Physical premiums have come off their mid-2021 highs, Fastmarkets assessing that for the United States Midwest at $2,100-2,500 per tonne over LME cash, compared with $3,600-4,300 in August.

The premium for Rotterdam material has also eased to $1,000-1,300 from $1,500-2,000 over the same time frame but these are still very high levels by any historical yardstick.

Physical buyers are evidently still hungry for metal, which is why LME tin stocks are struggling to rebuild significantly from their bombed-out low of just 670 tonnes in November.

Total exchange inventory has edged higher to 2,195 tonnes but arrivals have only trickled in and often what has been warranted has just as quickly been cancelled and loaded out again.

Cash LME metal is still commanding a $451-per tonne premium over the three-month price, which would be extraordinary in any year but the one following 2021, when it exploded out to $6,500 at one stage in February.

A new price paradigm

Tin remains a de-stocked market and low inventory cover leaves it super-sensitive to even the smallest supply-side surprise such as the permits hiccough in Indonesia.

The supply chain is also highly fragile, dependent on MSC’s operational recovery and the potential for more disruption to tin concentrates flows across the Chinese border.

There’s a lot that could go wrong with supply in a year when the market really needs everything to go right.

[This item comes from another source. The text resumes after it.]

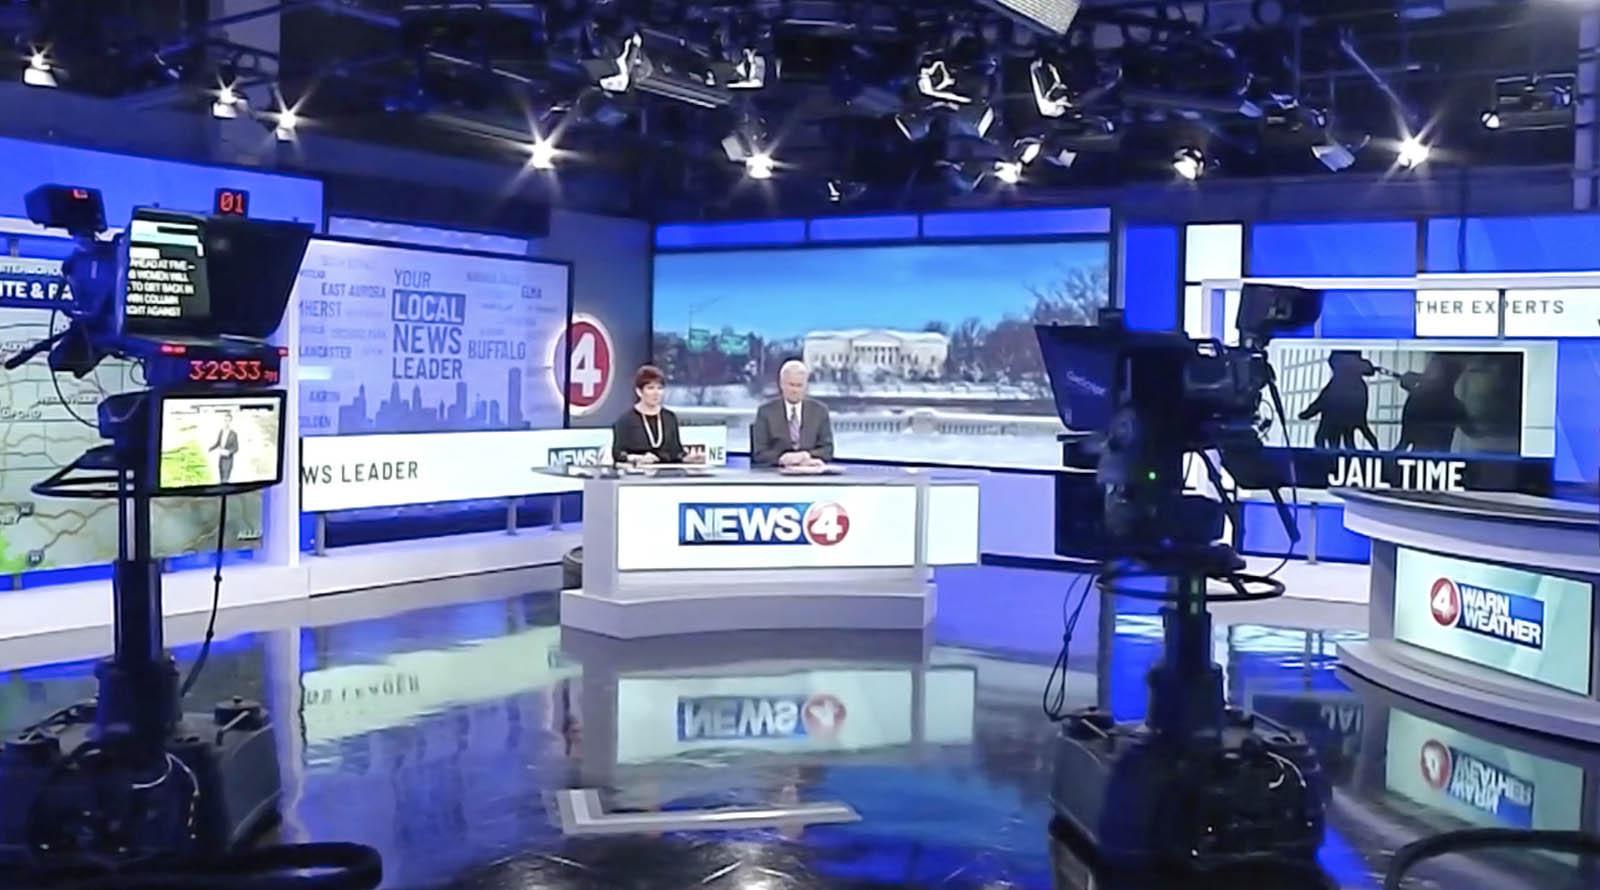 WIVB News Channel 4 Buffalo live streaming studio

Analysts are increasingly looking further into the future and wondering where the extra metal will be found to meet demand from both fast-growing electronics and energy transition technologies.

There is an evolving collective rethink about where the price needs to be to incentivise a sustainable supply response.

Analysts at Fitch Solutions, for example, expect tin prices to “ease slightly from spot levels in 2022” but to remain historically higher before rising to $35,500 per tonne by 2030.

That would represent a near doubling of the 2016-2020 average of $18,729, a necessary requirement to invigorate a thin project pipeline, according to a Nov. 2 research note from the ratings company.

It would also represent a significant discount to the current price, which tells you the market thinks even the immediate risk to supply is still skewed to the upside.